Amgen, the world’s largest biotech, has responded to the US Food and Drug Administration’s recent draft guidance on biosimilars, saying “some changes and additional clarity are needed”.
In February, the FDA issued three draft guidance documents on the regulation of biosimilars and Amgen says “we appreciate FDA’s commitment to working with stakeholders in a transparent guidance development process”. The company then goes on to list a number of recommendations.
These include “defining ambiguous terms” and acknowledging and addressing “current technical and scientific limitations related to regulatory advice or requirements”. Amgen also argues that any guidance needs to “make clear that clinical studies will be necessary for the foreseeable future due to the complexity and diversity of human biology and the limits of scientific knowledge today”.

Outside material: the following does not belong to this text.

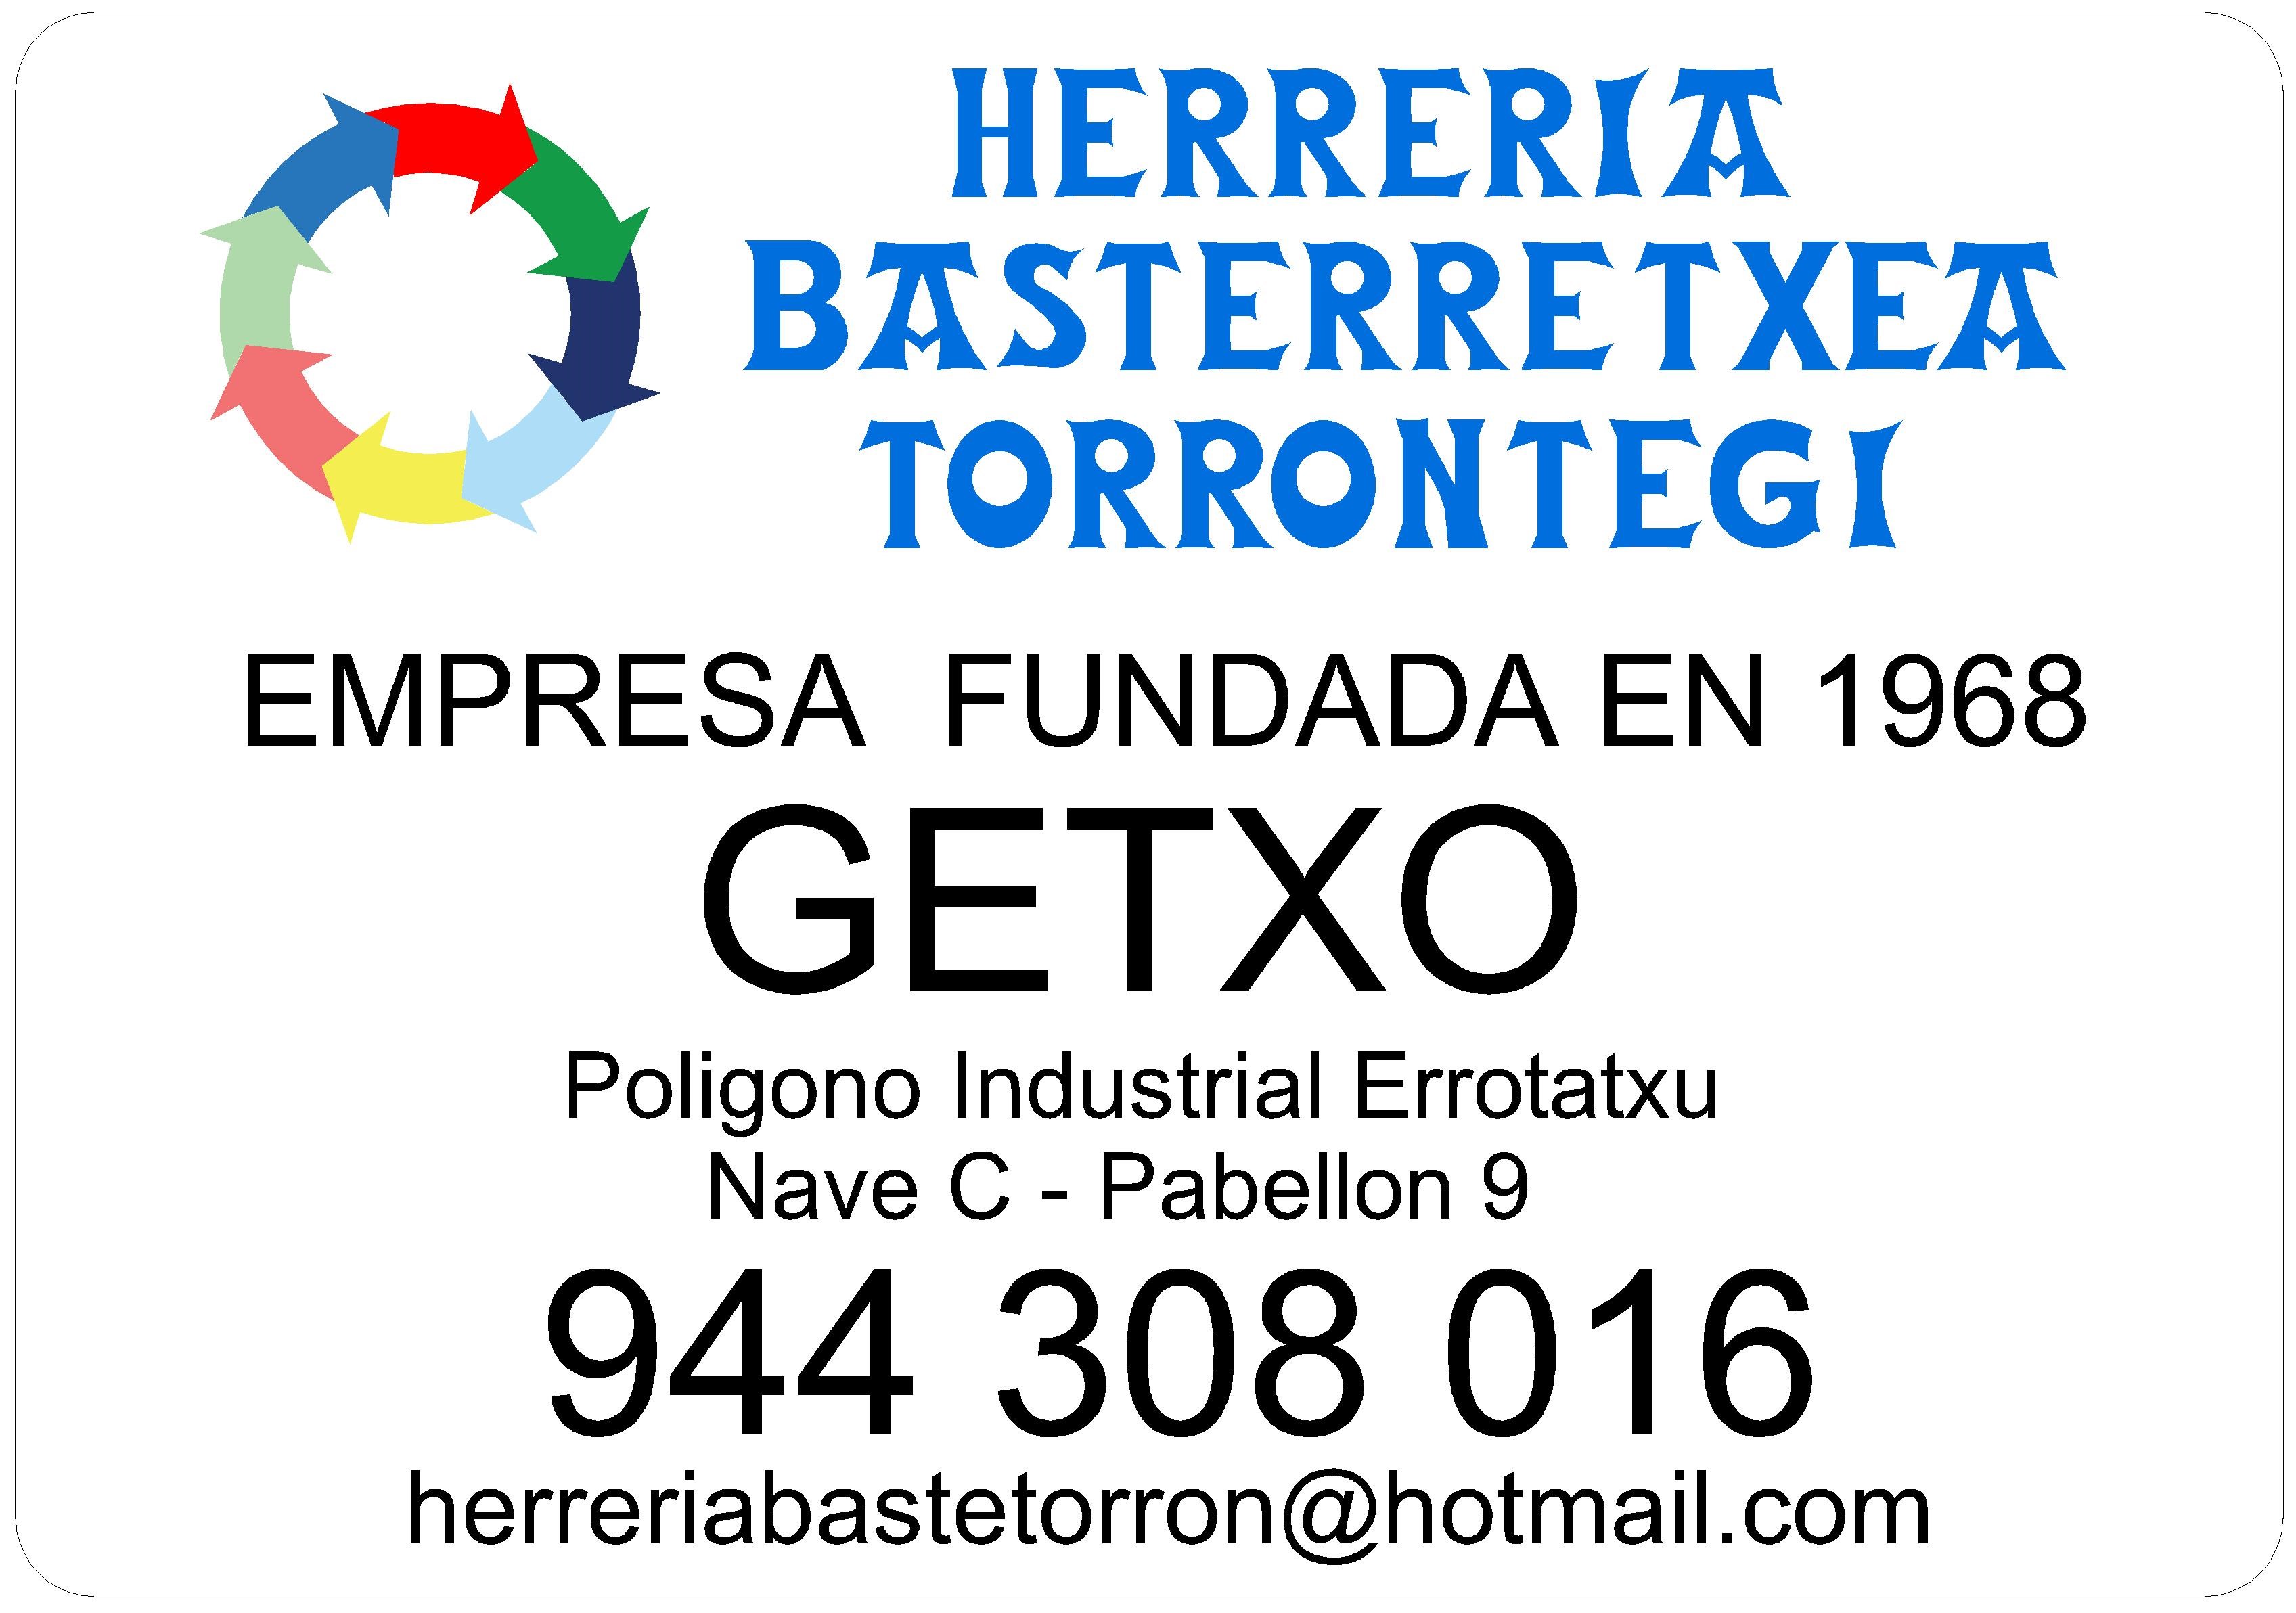 Images Herrería Basterretxea-Torrontegui
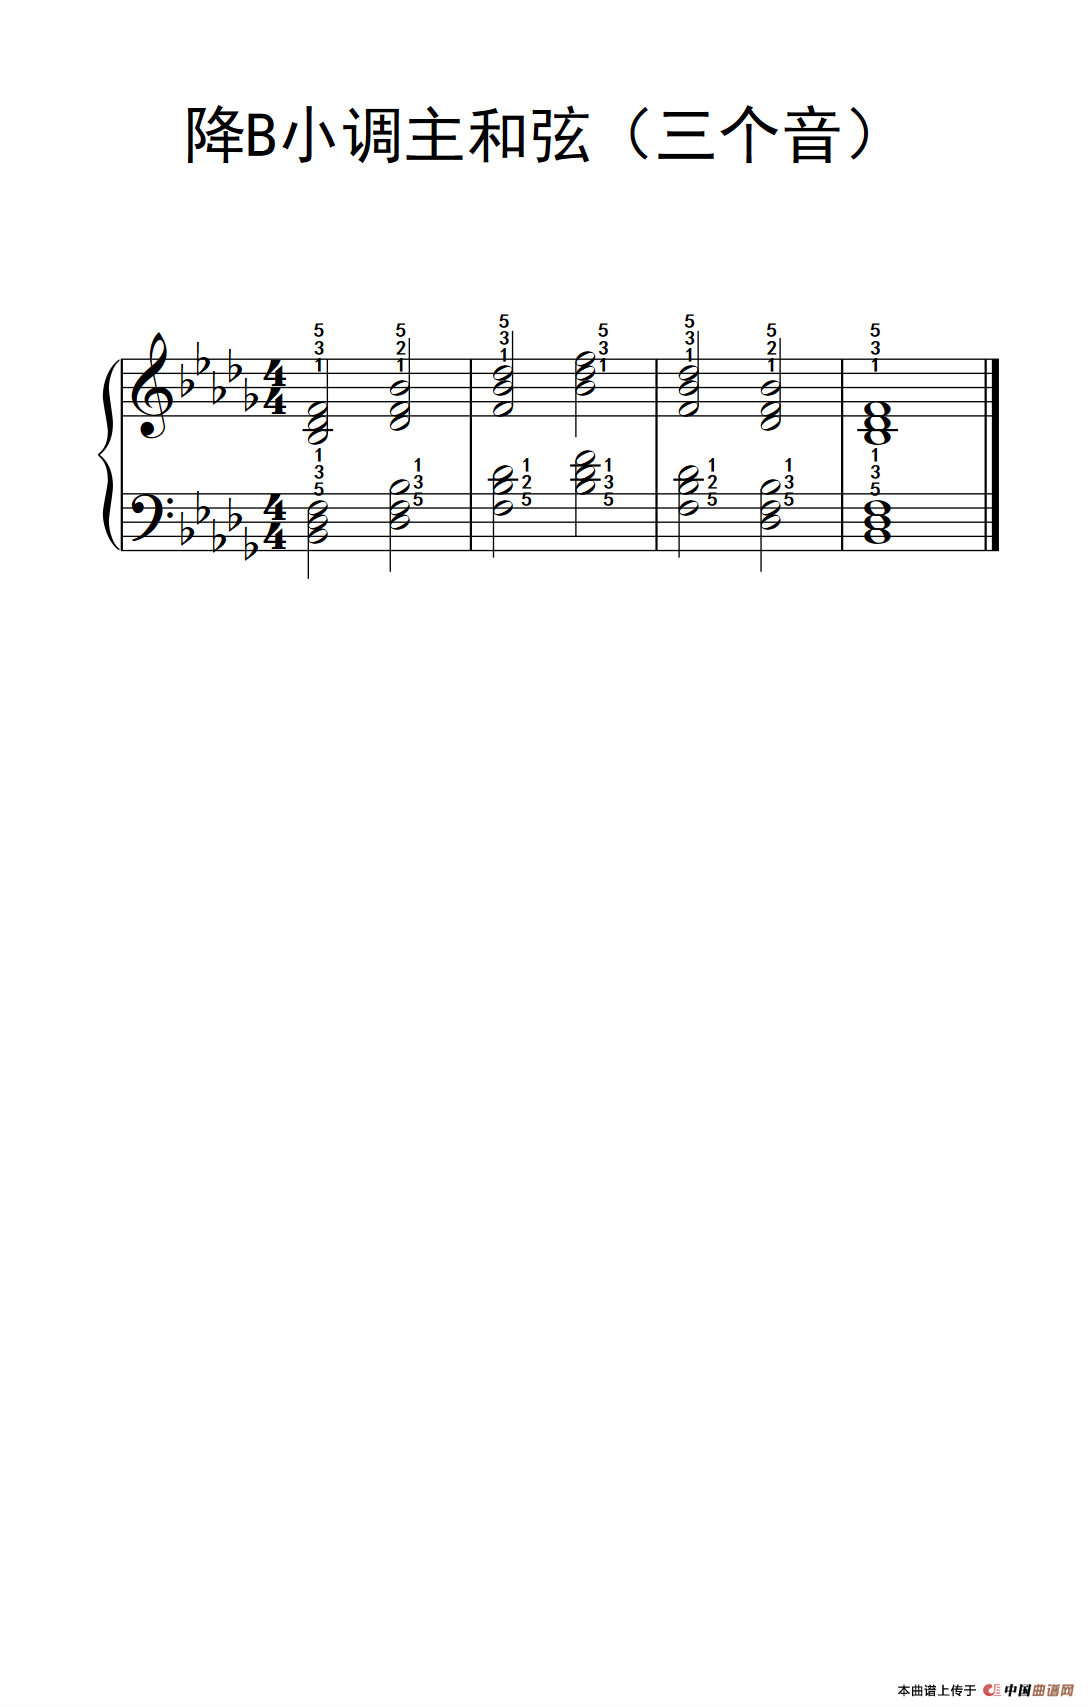 降b小调主和弦(三个音)(孩子们的钢琴音阶,和弦与琶音 2)

At the same time, the company adds, “it is appropriate for the agency to acknowledge that analytical studies will increasingly facilitate reduction in the size and scope of clinical studies needed”. Other recommendations call on the FDA to publish “class-specific guidance that discusses the approval standards and other key implementation issues for particular product classes” and “require all biological products to have a distinguishable nonproprietary name in order to facilitate accurate attribution of adverse events”.
Amgen says the FDA’s acknowledgement “that determining interchangeability is scientifically difficult at this time is also important”. It adds that “patient safety does not stop at approval” and “distinguishable product names and post-approval activities, including ongoing monitoring, are essential”.
Amgen is just one of 40 or so interested parties who have posted feedback on the FDA’s plans ahead of a stakeholder meeting on May 11 to be held at agency headquarters in Silver Spring, Maryland.